Yang Guicun, Wen Jing, Si Lina, Wang Nianrong, Zhao Yan
Department of Pediatrics, Chongqing Health Center for Women and Children, Chongqing, China.
Department of Pediatrics, Women and Children's Hospital of Chongqing Medical University, Chongqing, China.
Sci Rep. 2025 Apr 30;15(1):15164. doi: 10.1038/s41598-025-98447-5.
Infants classified as large for gestational age (LGA) are often born to mothers with gestational diabetes mellitus (GDM). This study aimed to develop a prediction model to estimate the risk of LGA infants with GDM mothers. This retrospective study included 791 singletons of mothers with GDM delivered at our hospital between June 2018 and May 2020. Data was collected from the hospital's electronic information system. According to whether LGA occurred, participants were divided into two groups to analyze the related factors affecting LGA. Pregnant women were randomly divided into two groups in a 7:3 ratios to generate and validate the model. To optimize the selection of variables, the Least Absolute Shrinkage and Selection Operator (LASSO) regression analysis was employed. A predictive model was subsequently constructed using multivariable logistic regression, incorporating predictors identified through LASSO regression. A nomogram was devised based on the selected variables for visual representation. The predictive model's performance was evaluated using the area under the receiver operating characteristic (ROC) curve (AUC) to assess discrimination, and calibration plots to assess calibration accuracy. Furthermore, decision curve analysis (DCA) was utilized to evaluate the clinical applicability of the models. Logistic regression analysis identified prepregnancy BMI, gestational weight gain (GWG), the 0-hour oral glucose tolerance test (OGTT0h), and parity as independent risk factors for LGA infants. The model demonstrated an area under the curve (AUC) of 0.777 in the training set and 0.744 in the validation set. The DCA illustrated that the nomogram exhibited superior net benefit within the validation cohort when the threshold probabilities were situated between 5% and 55%. Prepregnancy BMI, GWG, OGTT0h, and parity into the risk nomogram increased its usefulness for predicting LGA risk in patients with GDM.

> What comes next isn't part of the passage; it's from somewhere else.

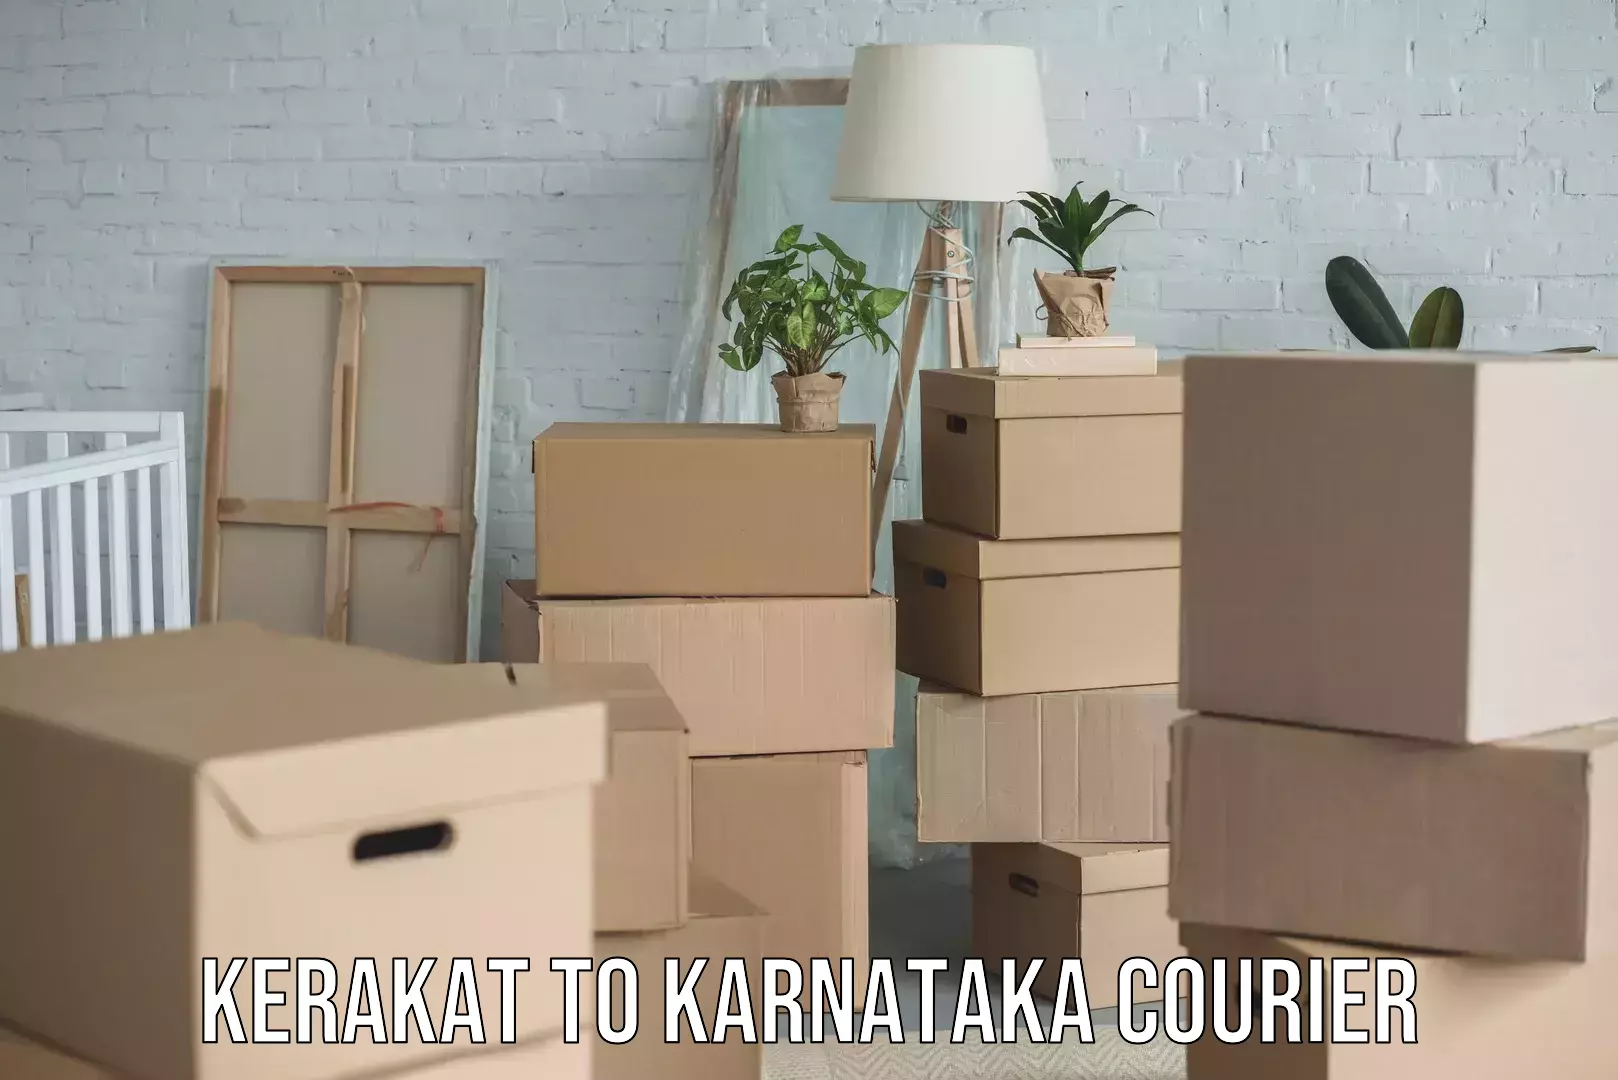 Professional furniture transport in Kerakat to Karnataka

出生体重高于胎龄儿(LGA)的婴儿通常出生于患有妊娠期糖尿病(GDM)的母亲。本研究旨在开发一种预测模型,以估计患有GDM的母亲所生LGA婴儿的风险。这项回顾性研究纳入了2018年6月至2020年5月在我院分娩的791例患有GDM的单胎母亲。数据从医院电子信息系统收集。根据是否发生LGA,将参与者分为两组,分析影响LGA的相关因素。孕妇按7:3的比例随机分为两组,以生成和验证模型。为了优化变量选择,采用了最小绝对收缩和选择算子(LASSO)回归分析。随后使用多变量逻辑回归构建预测模型,纳入通过LASSO回归确定的预测因子。根据选定变量设计了列线图以进行可视化展示。使用受试者工作特征(ROC)曲线下面积(AUC)评估预测模型的辨别能力,使用校准图评估校准准确性。此外,利用决策曲线分析(DCA)评估模型的临床适用性。逻辑回归分析确定孕前体重指数、孕期体重增加(GWG)、0小时口服葡萄糖耐量试验(OGTT0h)和产次是LGA婴儿的独立危险因素。该模型在训练集中的曲线下面积(AUC)为0.777,在验证集中为0.744。DCA表明,当阈值概率在5%至55%之间时,列线图在验证队列中显示出更高的净效益。将孕前体重指数、GWG、OGTT0h和产次纳入风险列线图增加了其在预测GDM患者LGA风险方面的实用性。